• **GIVEN RECORDS**
○ ○ ○

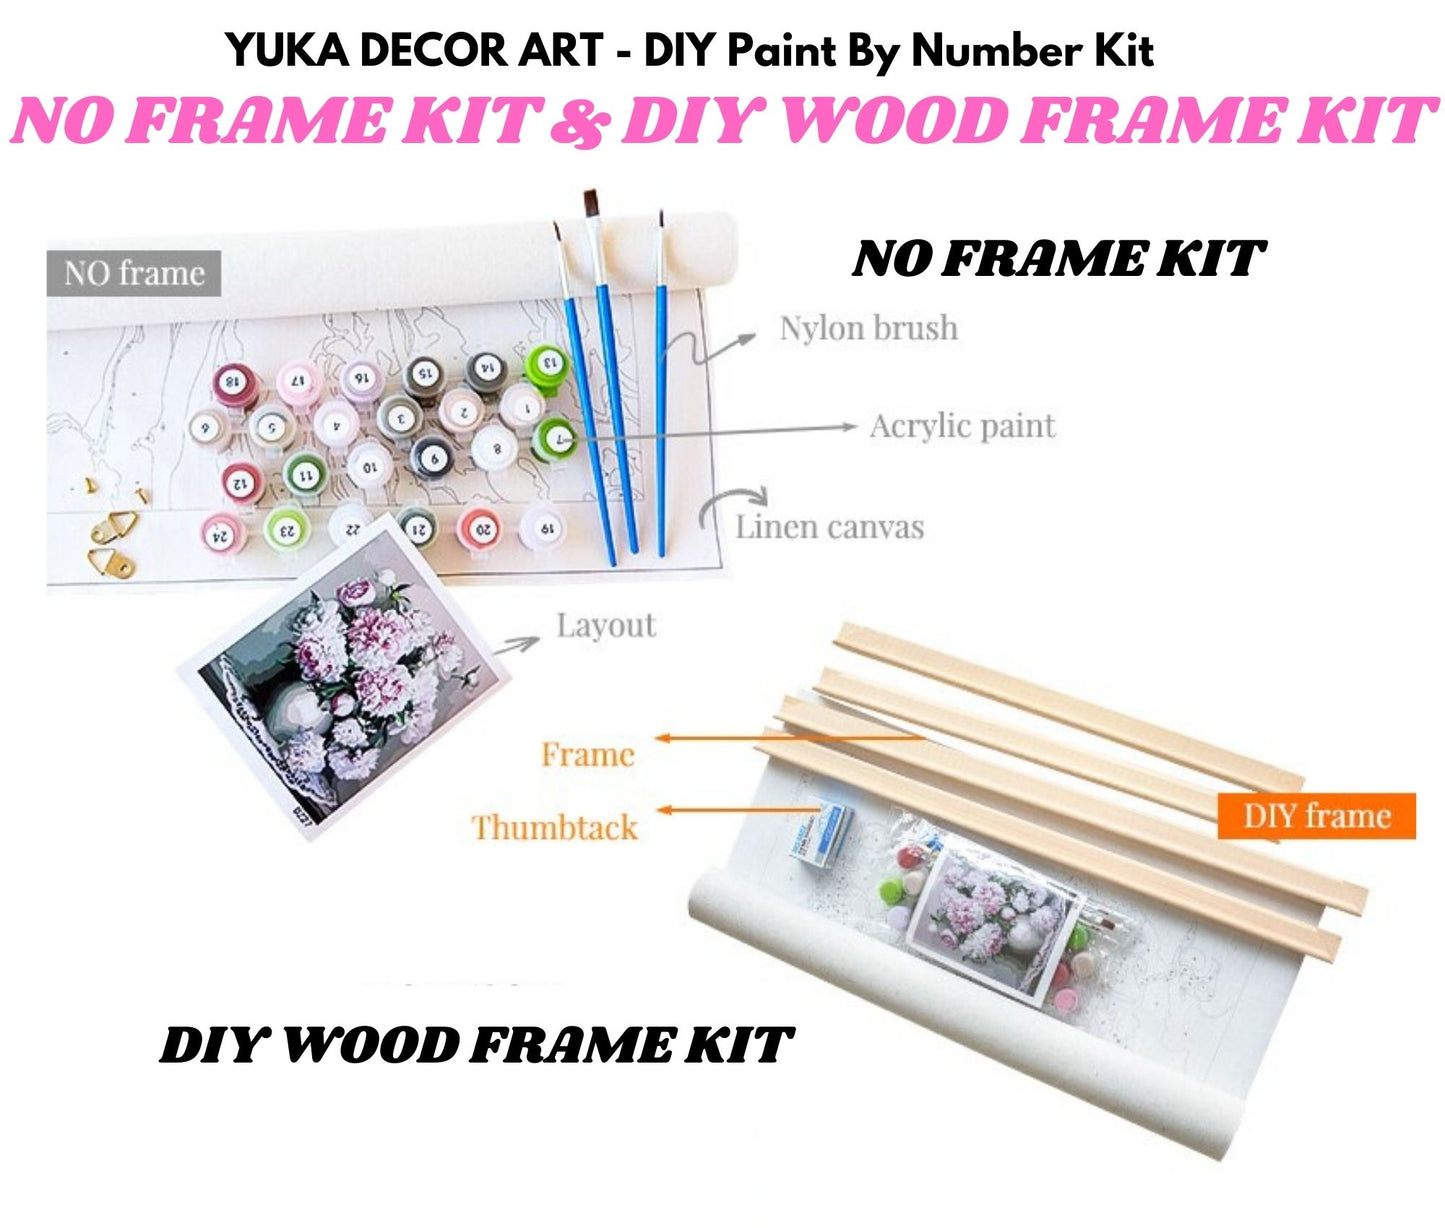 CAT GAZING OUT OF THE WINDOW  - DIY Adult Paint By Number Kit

○ ○ ○

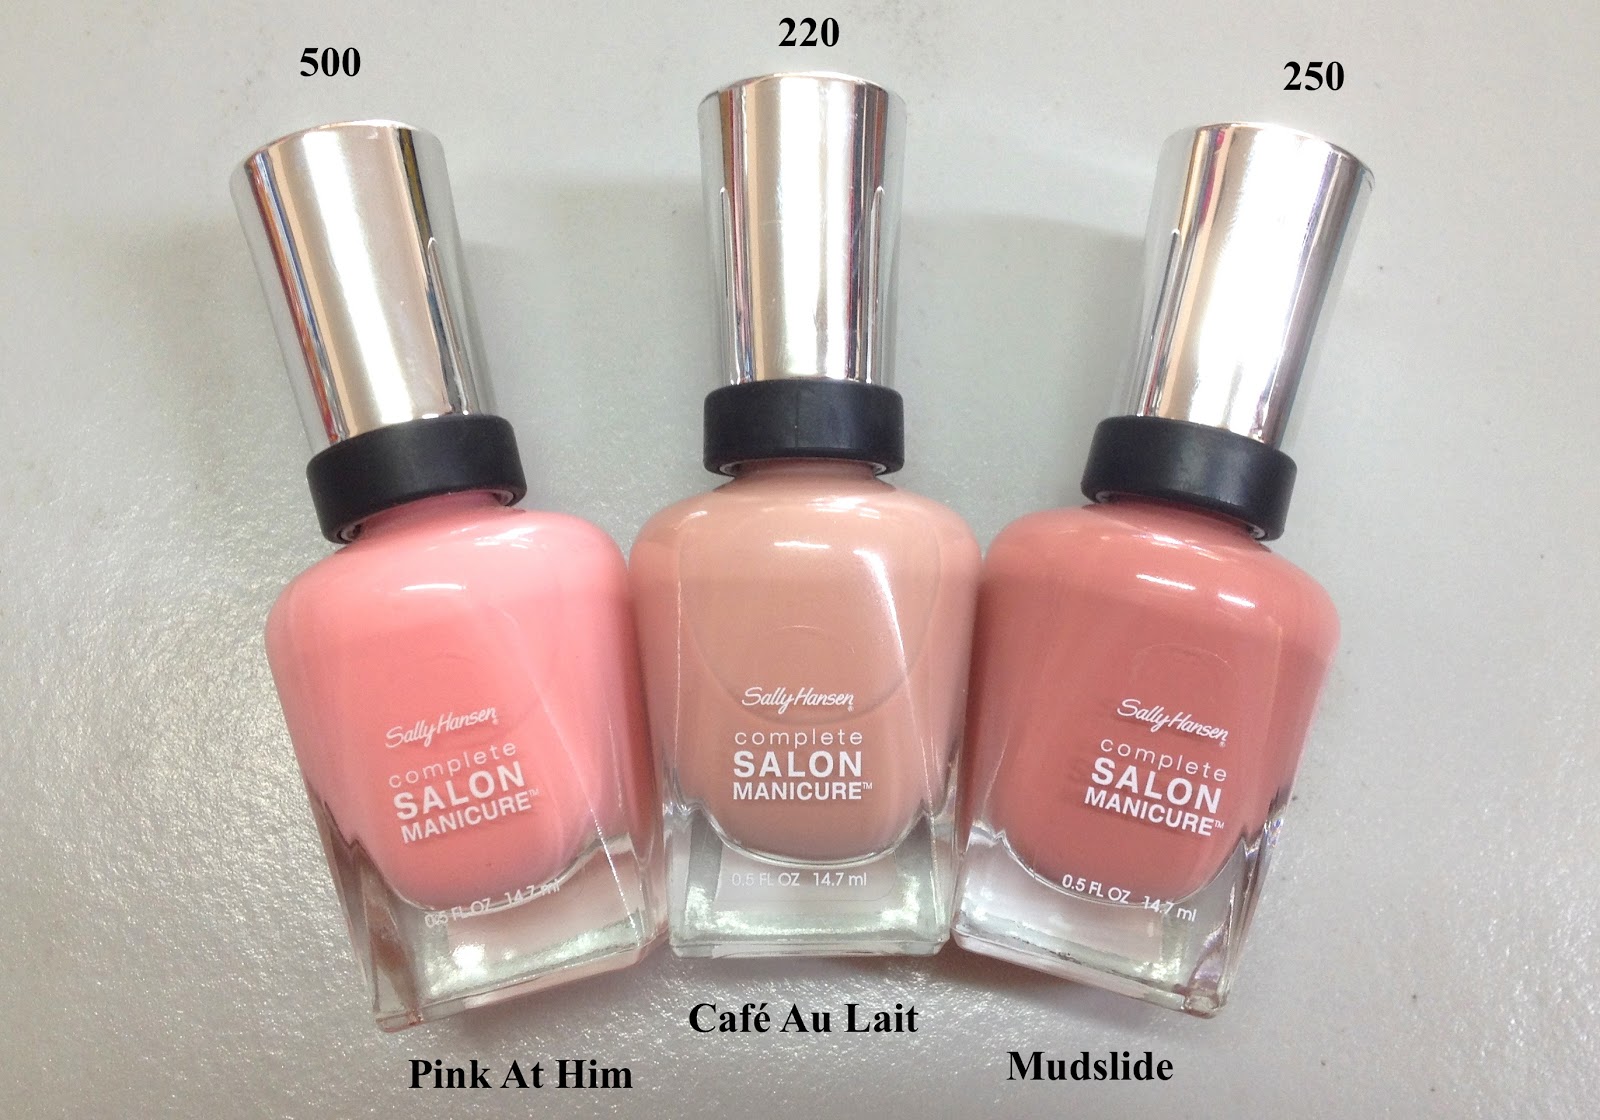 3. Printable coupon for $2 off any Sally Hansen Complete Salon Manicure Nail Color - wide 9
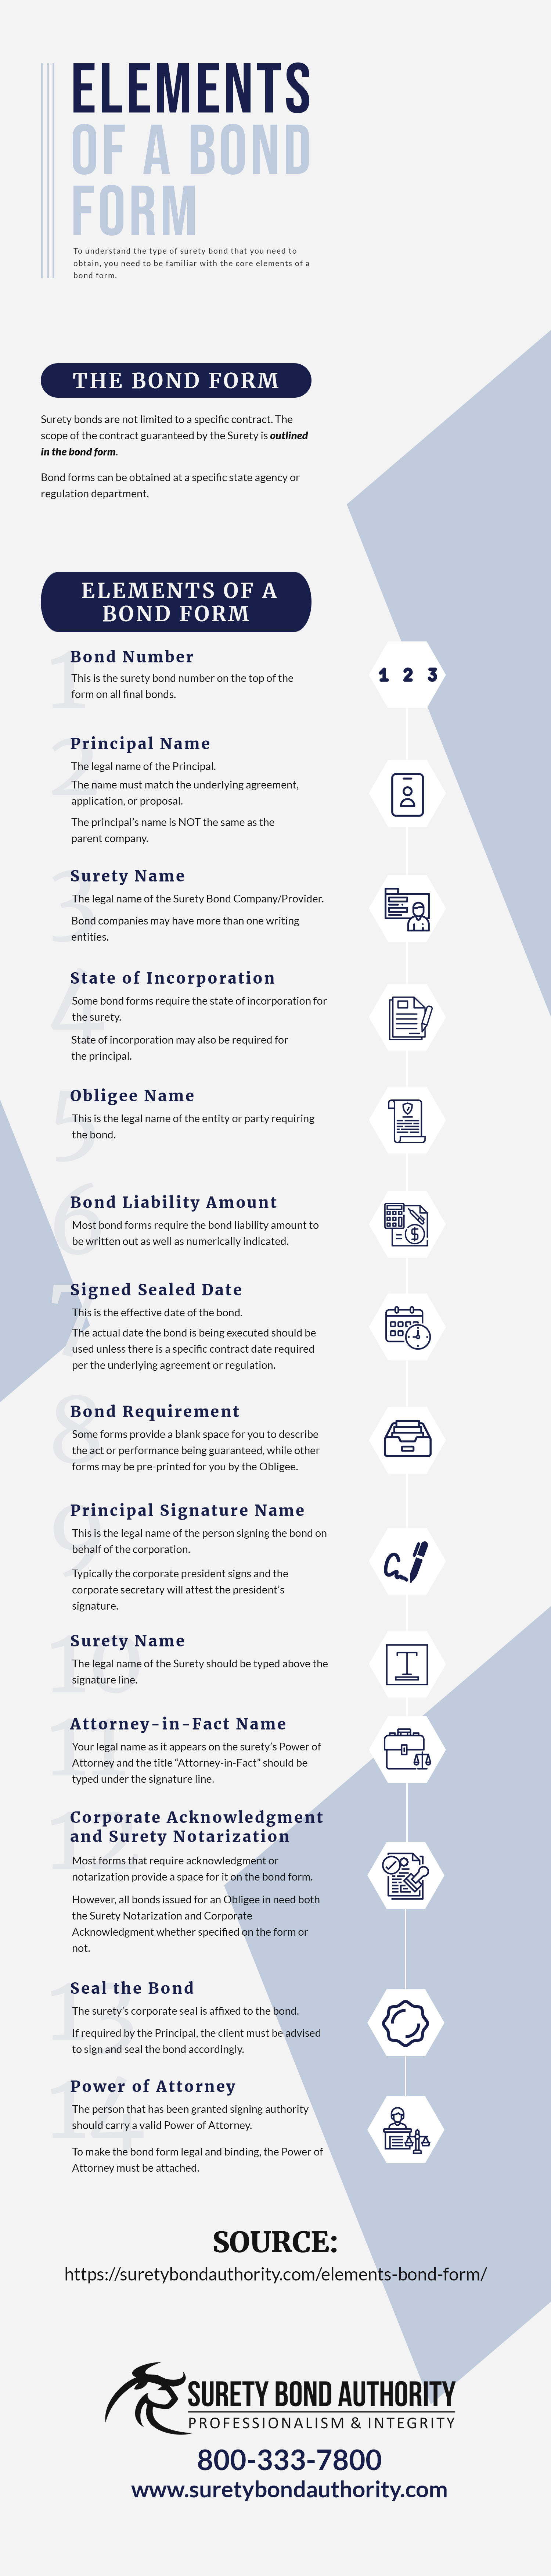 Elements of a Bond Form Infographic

○ ○ ○

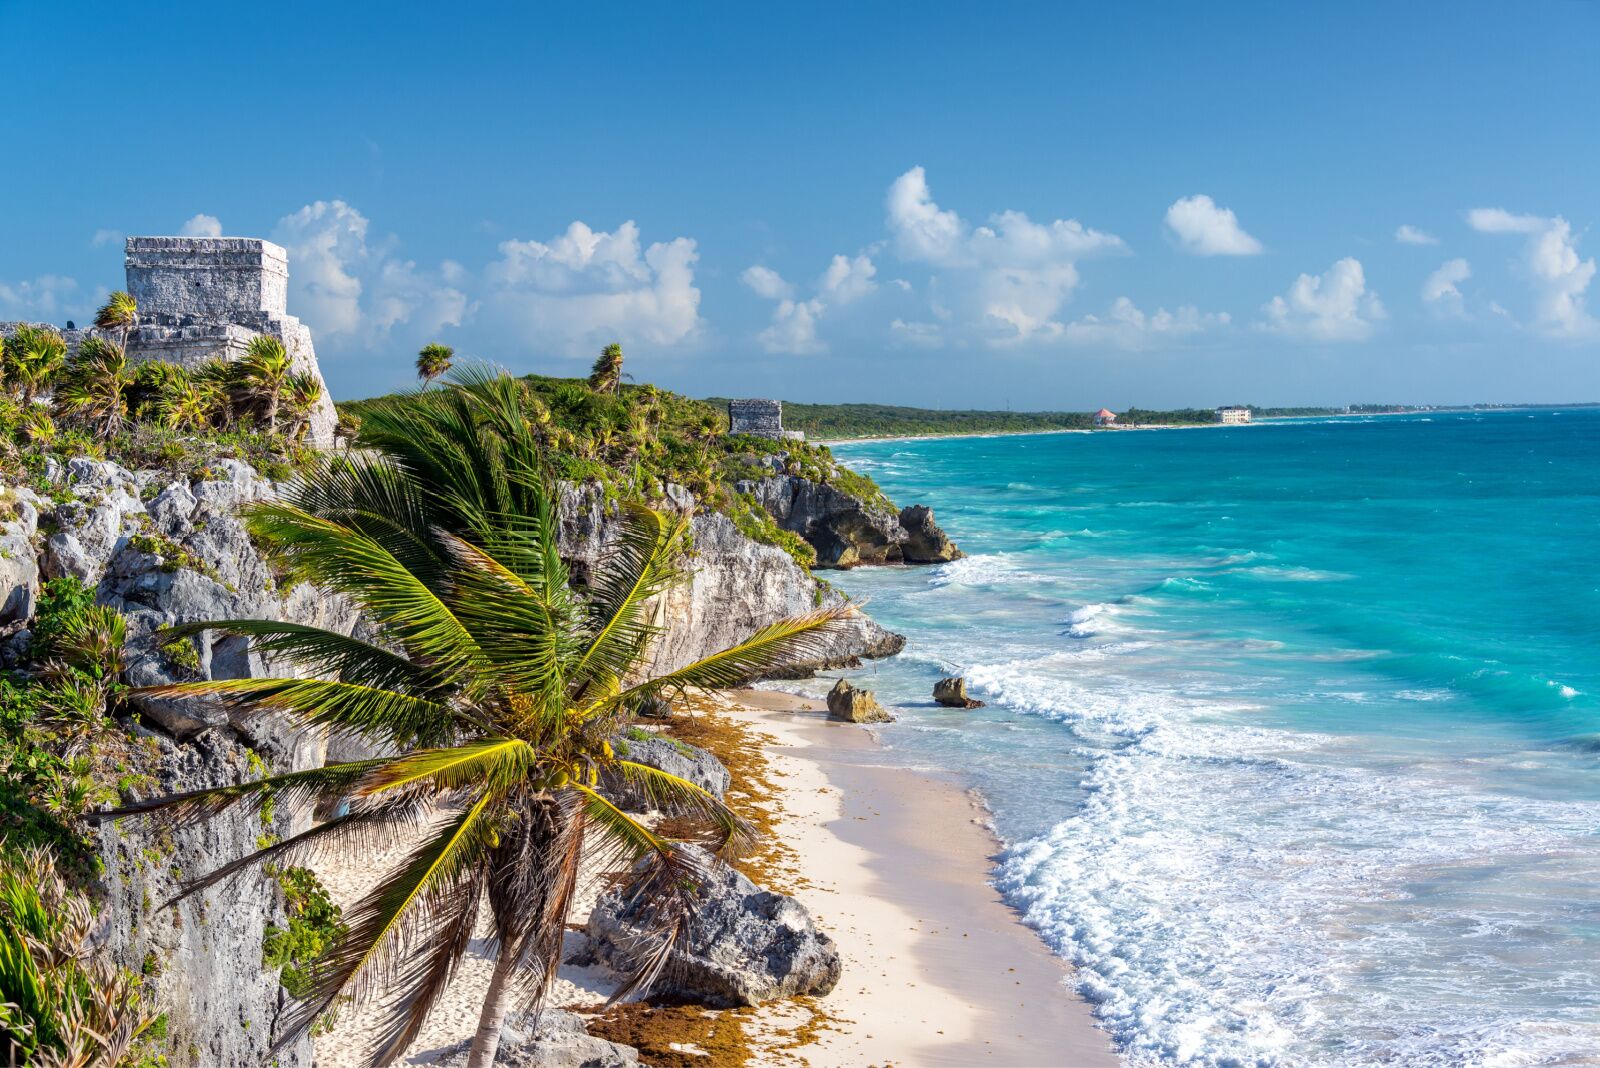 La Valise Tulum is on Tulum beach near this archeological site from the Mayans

○ ○ ○

I would like the exact lines from the data above, starting with the one that holds "3. Printable coupon" and going on through the one that holds "Elements of a Bond Form Infographic", without the pictures.

• **TASK RESPONSE**
 3. Printable coupon for $2 off any Sally Hansen Complete Salon Manicure Nail Color - wide 9
 Elements of a Bond Form Infographic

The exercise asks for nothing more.